De lo jodida que está la práctica democrática española, de la degradación de sus instituciones, de la postración que sufre la Justicia, santo y seña de la calidad de una democracia digna de tal nombre, acabamos de tener esta semana una buena prueba con la revelación efectuada por María Peral en las páginas de El Mundo sobre la correspondencia mantenida por el intrépido juez de la Audiencia Nacional Baltasar Garzón y el presidente del Banco Santander, Emilio Botín, a propósito de 302.000 dólares de nada que el magistrado necesitaba para financiar unos coloquios por él mismo planteados en la Universidad de Nueva York, dinero que, naturalmente, obtuvo.

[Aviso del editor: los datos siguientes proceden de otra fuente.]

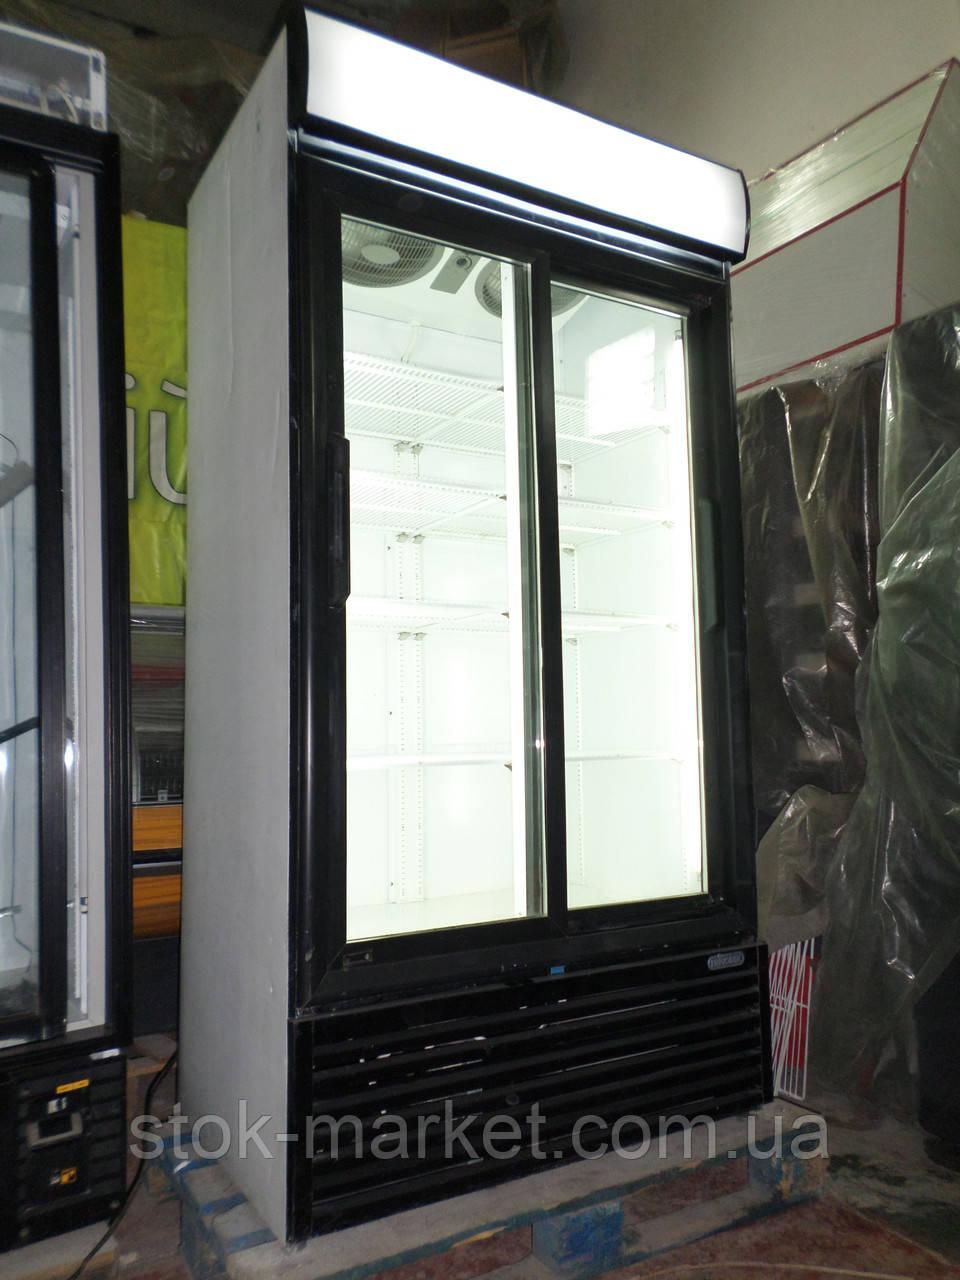 Холодильный шкаф Frigorex FVS 1000 б/у, Холодильный шкаф б у, холодильная камера б у, холодильная витрина б у,

Una idílica amistad entre el juezcampeador y su banquero, que empieza con un “querido Emilio” y termina, pago, arrobo y éxtasis mediante, con “un gran abrazo”. Y varias veces un elocuente “te agradezco la financiación”. Justicia corrompida y banca corruptora y vamos amarraditos los dos, espumas y terciopelo, yo con un recrujir de almidón y tú serio y altanero…
Escándalo sin paliativos, con la prueba del delito expuesta a público escrutinio. Cinco meses después de volver de Nueva York y ya reincorporado a la Audiencia Nacional, el juzgado del inmarcesible juez recibió una querella del difunto Rafael Pérez Escolar –flecos de las “cesiones de crédito”- contra Botín. No se abstuvo de intervenir y no la admitió a trámite. Hizo más: declaró que no tenía ninguna relación con el banquero. Mintió. La Sala de lo Penal de la Audiencia confirmó la inadmisión. Las preguntas corren cual caballos desbocados. ¿Fue la dádiva del Santander una forma de desactivar al juez? La técnica fue puesta en práctica con cierta regularidad en el pasado por la gran banca española. Por casi toda. Con la excusa de que el estipendio que reciben los magistrados es demasiado bajo para sus altos merecimientos, las entidades ofrecían discretamente a togada gente principal la posibilidad de dictar alguna que otra conferencia, por la que recibían un dinero que, por razones de incompatibilidad, no era declarado oficialmente, no obstante lo cual el juez de turno era obligado a firmar un recibo por las cantidades percibidas al solo objeto de dejar “constancia administrativa”. Es fácil colegir que esos recibos en manos del pagador de turno auguraban un buen pasar en caso de tropiezo judicial de mayor cuantía. Se trataba, se trata en el caso que nos ocupa, de una especie de póliza de seguro que ha surtido una eficacia impresionante, pues ha funcionado apenas cinco meses después de producido el siniestro.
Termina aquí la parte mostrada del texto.